25 de outubro de 2024

Placar do julgamento na Corte foi apertado com 6 votos a 5.

O Supremo Tribunal Federal (STF) decidiu ontem que as cooperativas médicas operadoras de plano de saúde podem pedir recuperação judicial. Por um placar apertado, de seis votos a cinco, os ministros consideraram constitucional a legislação que prevê essa possibilidade.

Para especialistas, a decisão foi importante para preservar a viabilidade econômica das cooperativas médicas. Mas, acrescentam, a validação de uma alteração feita pelo Congresso Nacional sem respeito ao devido processo legislativo pode possibilitar a aplicação do mesmo entendimento em outros casos.

Estava em análise o parágrafo 13 do artigo 6º da Lei de Recuperação Judicial e Falências (Lei nº 11.101, de 2005), inserido em 2020, pela Lei nº 14.112. O dispositivo afasta a aplicação dos efeitos da recuperação judicial às cooperativas, excepcionando as da área médica.

Na ação, a Procuradoria-Geral da República (PGR) alegava que o Senado incluiu alteração, na forma de emenda aditiva — e não de redação —, no projeto de lei durante sua tramitação. Segundo o artigo 65, parágrafo único, da Constituição, nesses casos é necessário o retorno do processo à casa iniciadora, para novo turno de votação (ADI 7442).

O dispositivo questionado afirma que “não se sujeitam aos efeitos da recuperação judicial os contratos e obrigações decorrentes dos atos cooperativos praticados pelas sociedades cooperativas com seus cooperados, na forma do artigo 79 da Lei nº 5.764, de 16 de dezembro de 1971, consequentemente, não se aplicando a vedação contida no inciso II do artigo 2º quando a sociedade operadora de plano de assistência à saúde for cooperativa médica.”

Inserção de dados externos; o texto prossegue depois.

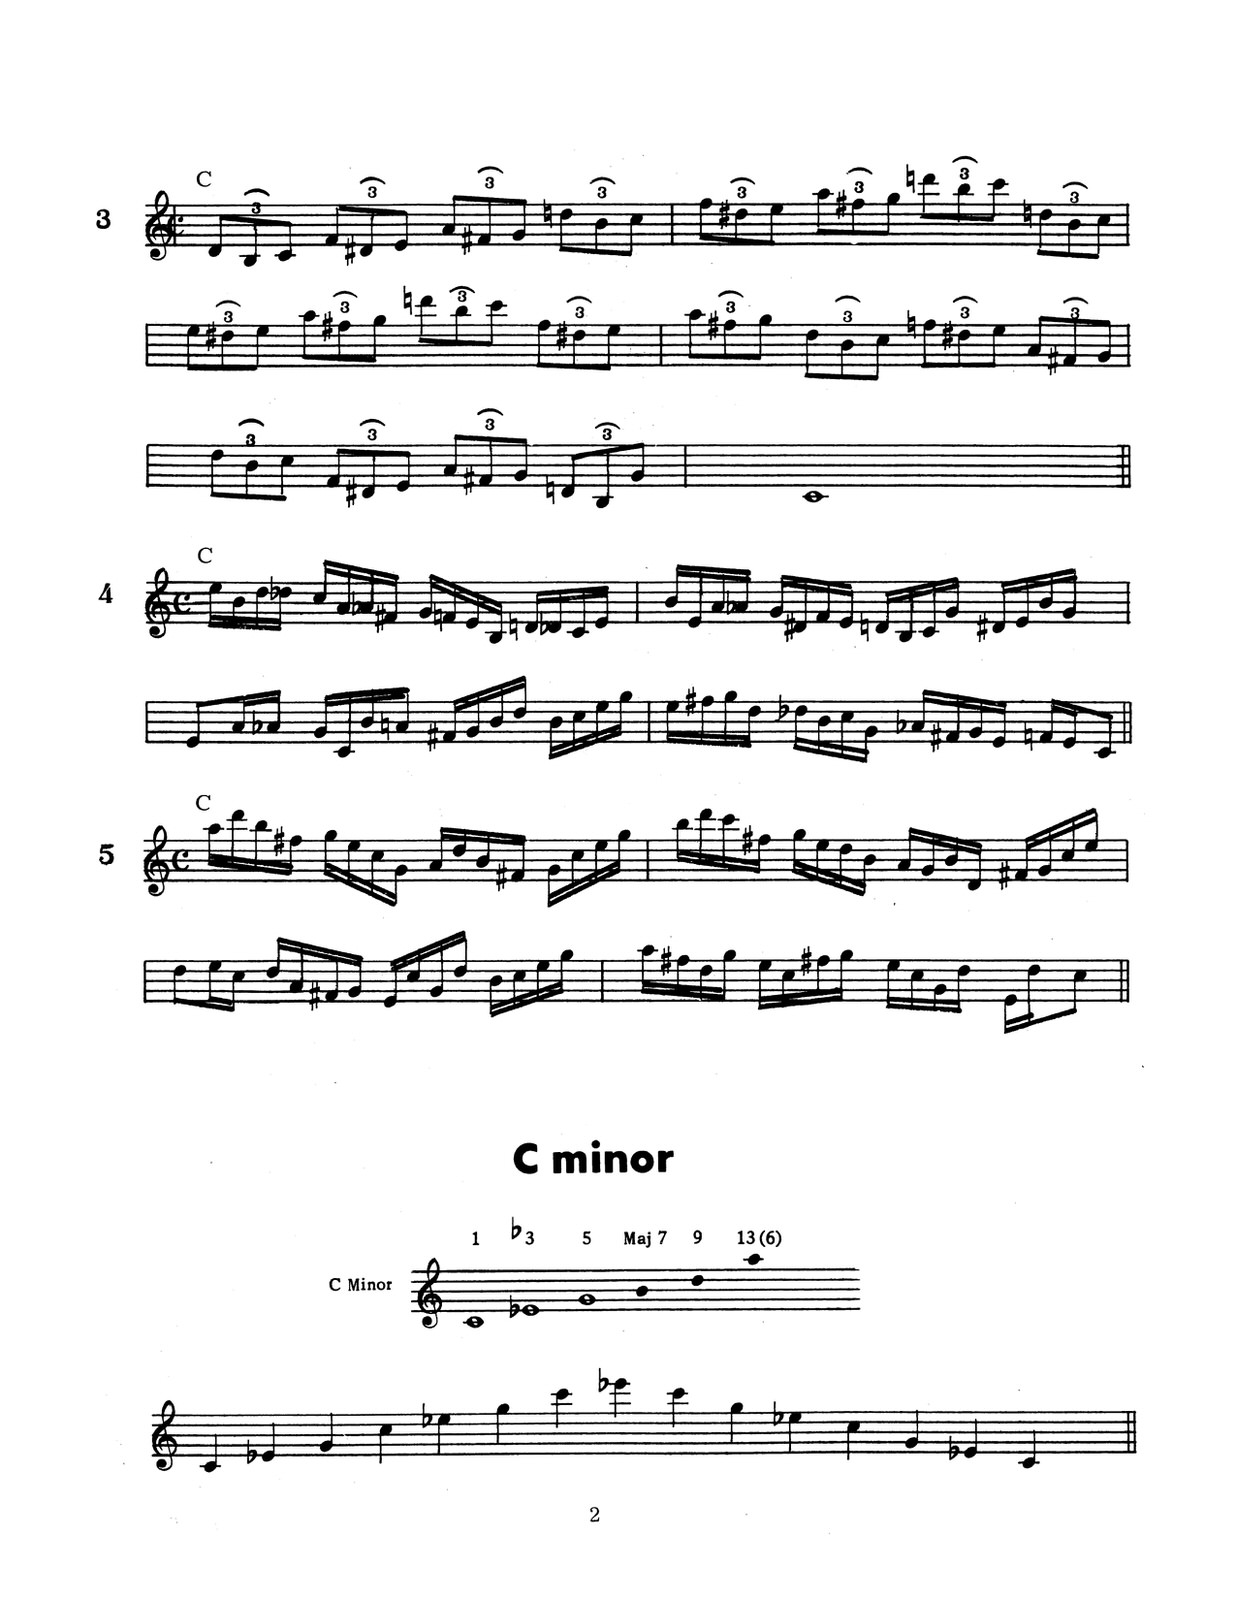 Kotwica, Viola, Chord Studies for Trumpet-p008

Prevaleceu no julgamento o entendimento do relator, ministro Alexandre de Moraes, que validou a inserção do trecho final, em respeito às deliberações legislativas e para não interferir no funcionamento de outro poder. “Seria uma ingerência muito grande do Supremo entrar na interpretação de minúcias do regimento interno do Senado e da Câmara, quando nem mesmo a Câmara questionou a alteração feita pelo Senado”, disse.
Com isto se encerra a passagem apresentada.